Трудно представить себе удивление пастушки, если бы ей вдруг довелось узнать, о чем в это время думал свинопас.
Так же, как и у пастушки, у свинопаса не было зеркала, поэтому он тоже смотрелся в речку. И когда вода отражала его темные кудри, плавный изгиб подбородка и аккуратные маленькие уши, он жалел все человечество, думая о том, что оно теряет. А в особенности он жалел девочку-пастушку.
— Нет никаких сомнений, — говорил он себе, — что она пррсто умирает от одиночества. Она очень красивая и если бы я на самом деле был свинопасом, то обязательно бы с ней поговорил.
И он с сожалением отворачивался и принимался смотреть в другую сторону.
«Какое совпадение!» — скажете вы. Но это еще далеко не все. Дело в том, что в этой стране не только девочка-пастушка и свинопас, но и все остальные существа думали точно так же!
Гуси, щиплющие лютики, были убеждены, что они не просто гуси, а нечто большее.
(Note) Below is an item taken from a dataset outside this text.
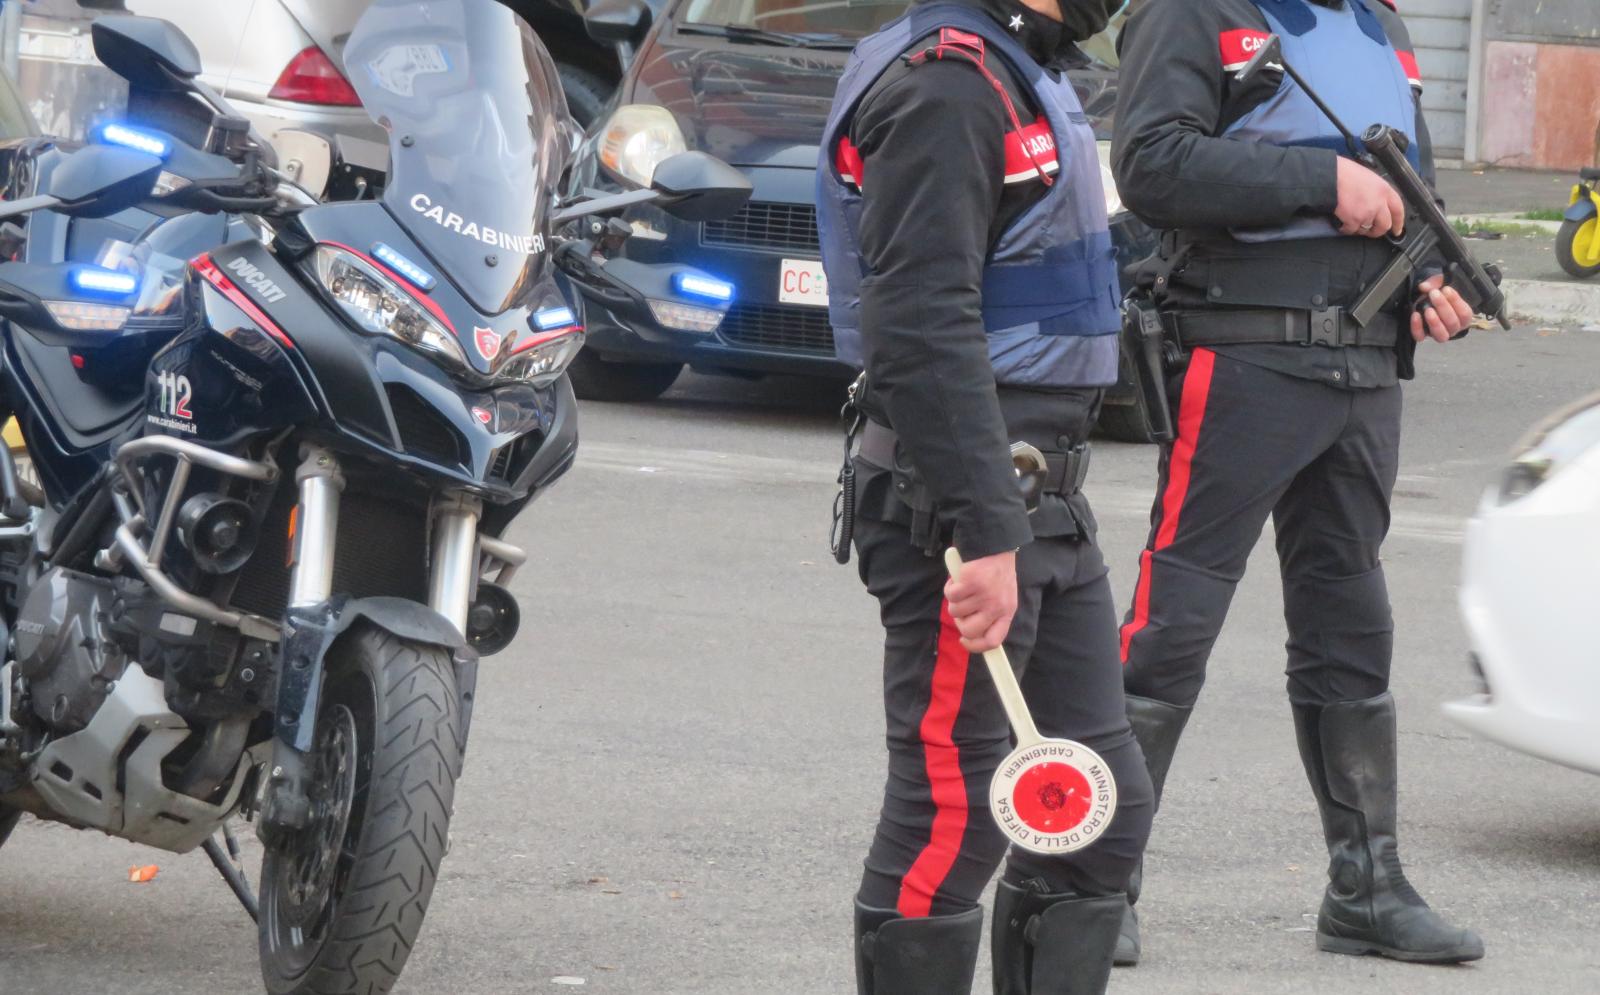 Italian security forces -

Даже свиньи, вздумай вы им сказать, что они обычные свиньи, от души посмеялись бы над таким предположением.
Та же история была и с серым ослом, который возил тележку свинопаса на рынок, и с жабой, живущей под одним из камней у ручья, и с босоногим мальчишкой, который каждый день играл на мосту со своей плюшевой обезьянкой. Каждый из них верил, что истинная их суть гораздо значительнее и величественнее той, что видна невооруженным глазом.
Осел считал, что на самом деле он красивое, сильное животное с гладкими боками и блестящими копытами.
Жаба думала, что в действительности она маленькое, зеленое и очень веселое существо. Она могла часами смотреть на свое отражение, и ее уродливый внешний вид, каким он и был на самом деле, ничуть не огорчал ее.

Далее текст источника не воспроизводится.